Cette norme concerne l’évacuation de la pluie pour les toitures classiques
On peut donc écrire l’équation de continuité avec les principes retenus par la norme :
- α = β = 0
- Q = S * I
- Avec I déterminé pour Δt faible et tendant vers 0
Il est supposé que le volume de pluie collecté par la surface S de couverture pendant ΔT est intégralement et immédiatement transmis au chéneau
On fixe la valeur de I à 3 mm/mn
Le chéneau devient alors un réservoir associé à la couverture
La norme stipule les modalités de détermination des dimensions du réservoir et des sécurités associées.
Le chéneau est un réservoir et on détermine le débit de trop plein.
On applique alors la formule du déversoir d’orage à crête large dont la longueur est celle du chéneau
Q = 0.385 * Ω * √ 2gh
Avec Ω = h * L et h hauteur d’eau contenue dans le chéneau (>= 50 mm)
Le débit de la descente d’eau est calculé en partie haute à partir du périmètre de la canalisation et non de la section.
Nous sommes dans le cas d’un écoulement non continu en présence d’air.
On ne peut pas appliquer l’équation de Bernoulli.
La norme mentionne trois aspects pour le collecteur horizontal :
- Choix d’un diamètre égal à celui de la descente d’eau
- Définition des formules à appliquer pour la détermination de la pente
- Valeur du coefficient de remplissage pour tenir compte des sécurités prises en compte au niveau du chéneau.

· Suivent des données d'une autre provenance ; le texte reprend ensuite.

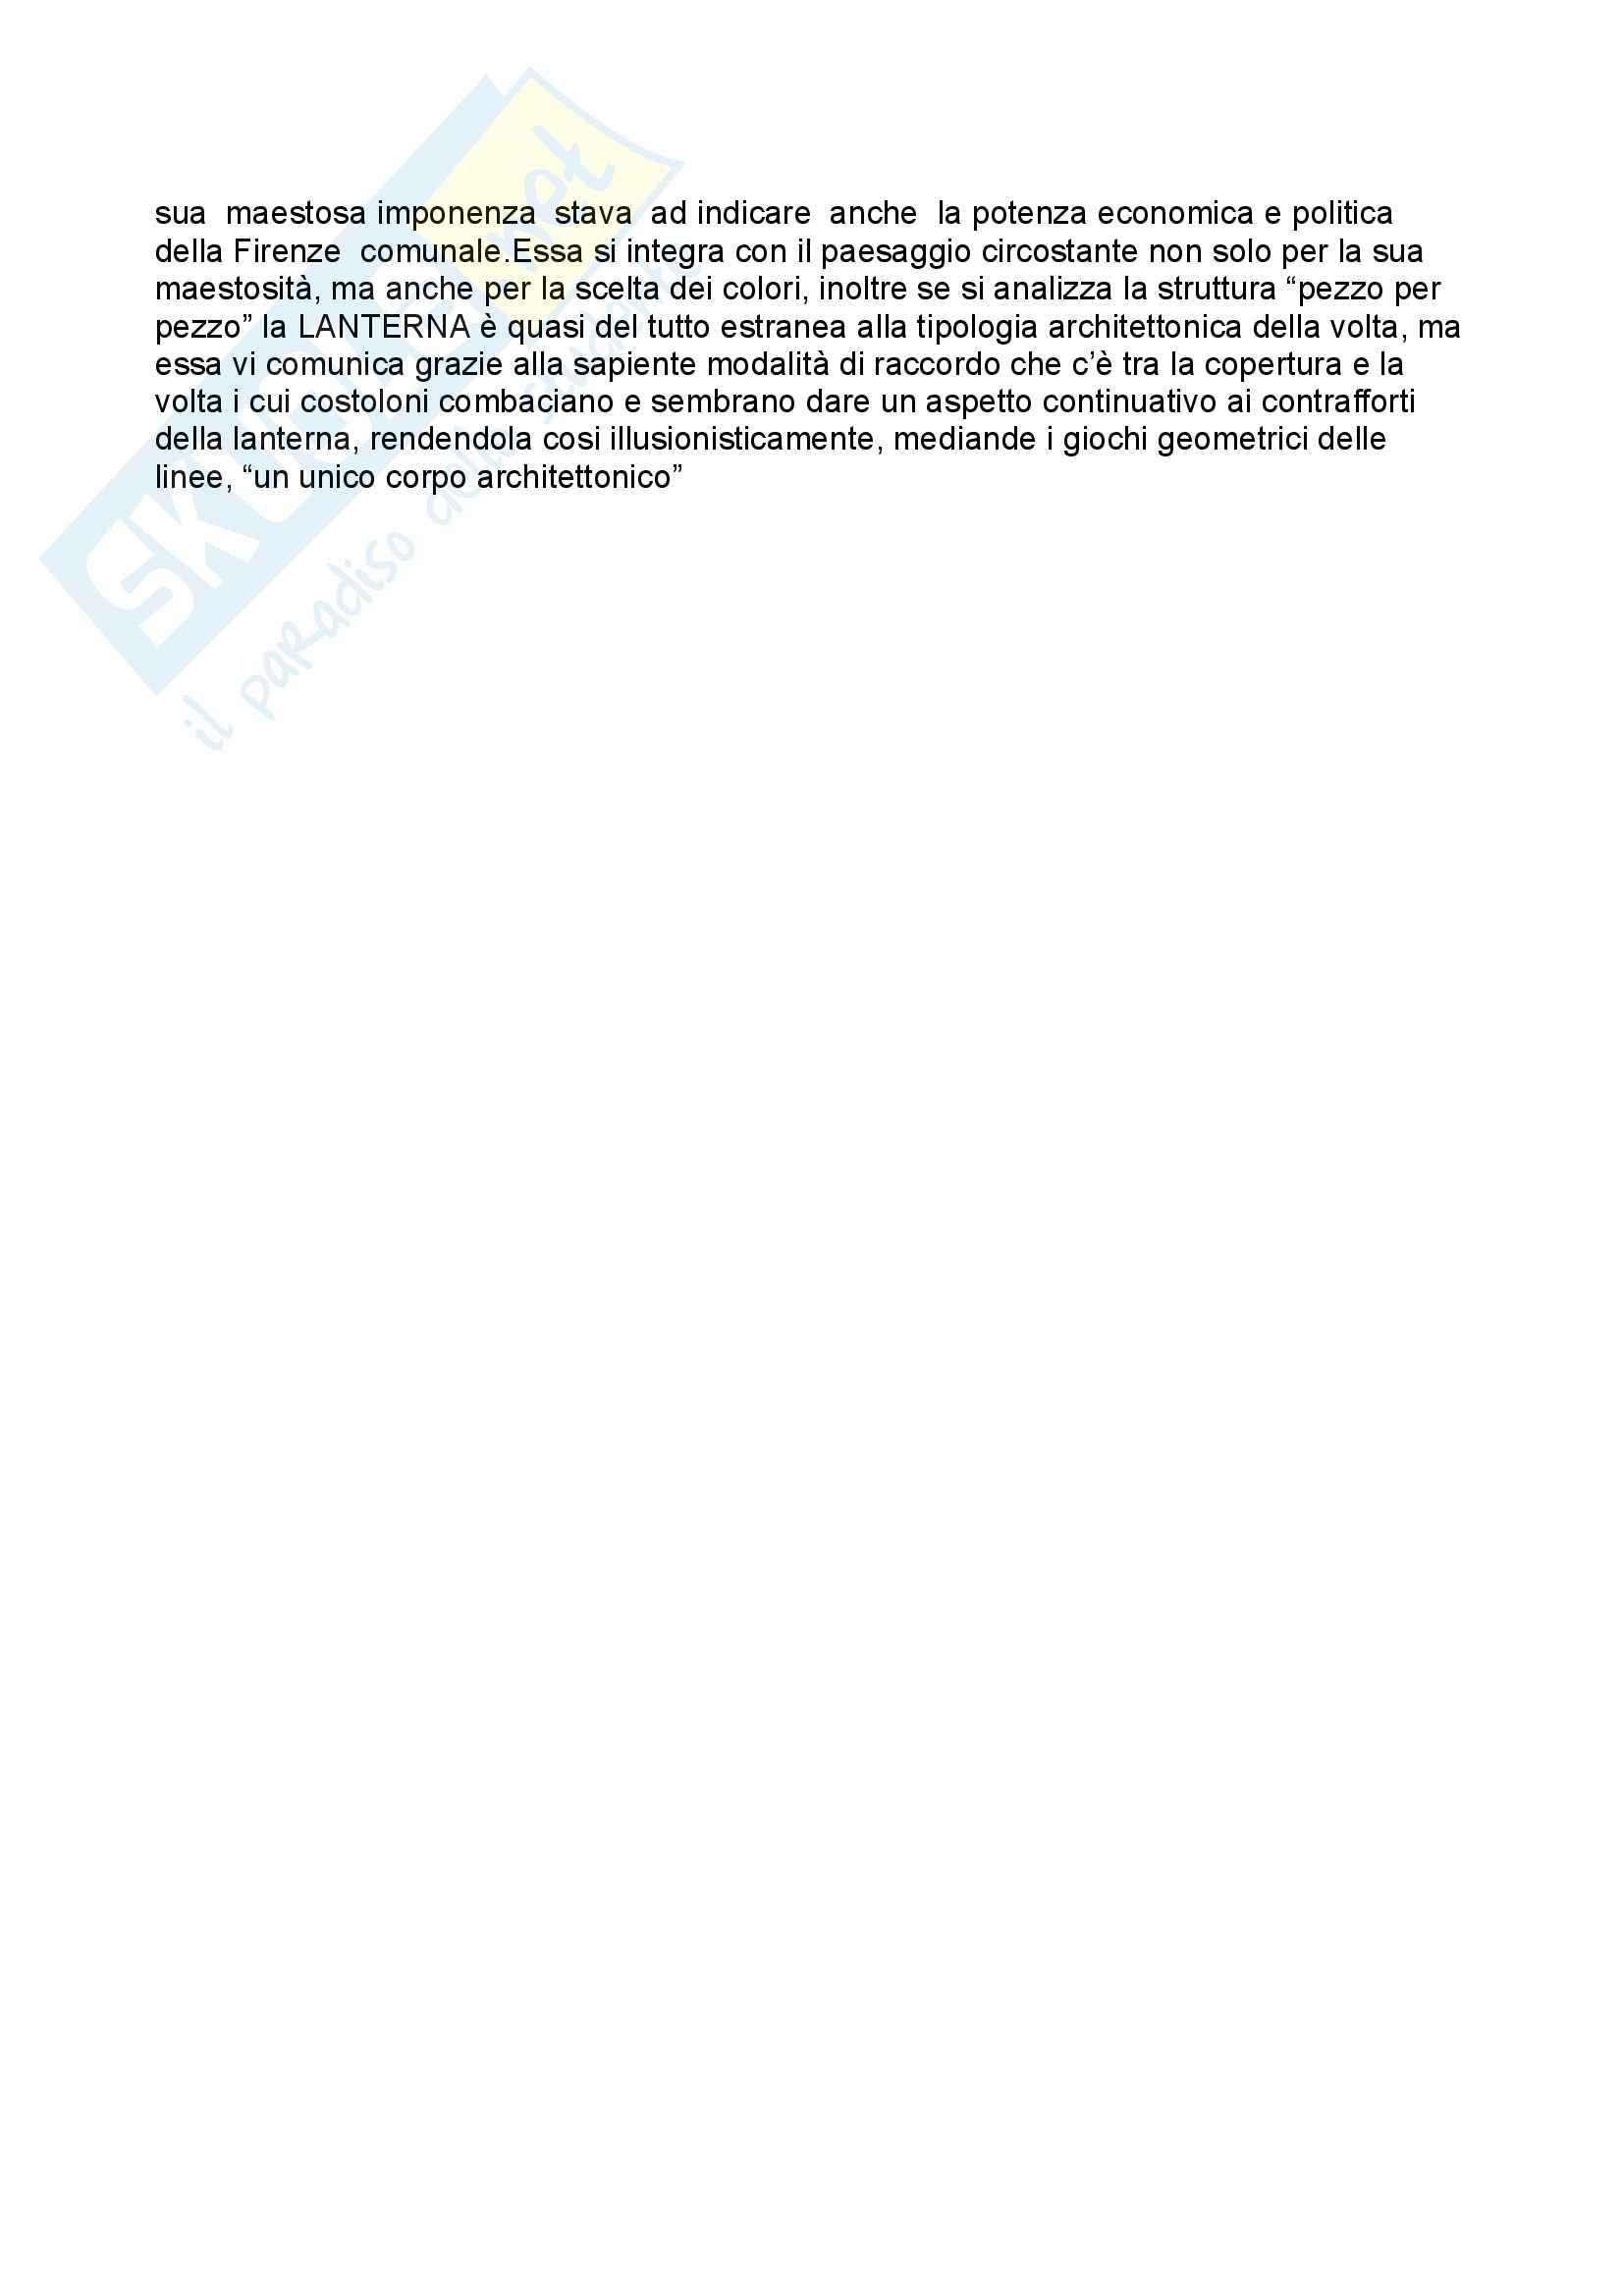 Storia dell'architettura moderna - la cupola del Brunelleschi - Appunti Pag. 6

Il existe aussi des tableaux pour les pentes usuelles à appliquer pour les petits projets qui ne demandent pas l’établissement d’une note de calcul.
Les petites surfaces de couverture ne posent pas de problèmes. Ces derniers explosent pour les grandes surfaces de couvertures qui présentent alors un autre type de descente d’eau : celles de type siphoniques où la démarche consiste à réserver la section au transport de l’eau et à supprimer la présence de l’air.
Cette application va conduire à des vitesses du flux très élevées au pied de la descente d’eau (de l’ordre de 4 m/s)
On retrouve cette application au niveau des bâtiments logistiques, avec une problématique infinie : celle de la détermination du réseau extérieur.
Ce type de descente d’eau induit un rejet dans un réseau extérieur au bâtiment
Il n’existe pas de modèles permettant la détermination de « l’extérieur »
La norme de s’occupe pas de l’extérieur
Les canalisations extérieures supposent un écoulement à l’air libre
Il est demandé que la vitesse d’écoulement soit de l’ordre de 1 m/s
Les écoulements sont incompatibles entre eux.
On assiste aussi à des projets de forme circulaire ou elliptique qui agissent alors comme une « parabole » avec des effets de concentration du flux en un point central de faibles dimensions.
On retrouve cette application au niveau des centres commerciaux.
Il n’existe pas de modèles permettant la détermination de « l’extérieur »
La forme de l’extérieur conduit à considérer ce dernier comme « intérieur »
L’extérieur doit donc être déterminé selon la norme
La norme demande des sécurités de par la notion de trop plein.
Ce type de conception SUPPRIME le trop plein
Le sujet fondamental consiste alors à retrouver une possibilité de trop plein.
La norme précise le champ d’application : toiture classique à pente non nulle
La norme précise les hypothèses : aucun stockage sur ce type de couverture
Il est évident que la norme ne s’applique pas aux toitures terrasses à pente nulle.
Tout calcul de débit d’une toiture terrasse à pente nulle à partir de la formule de la présente norme est FAUX.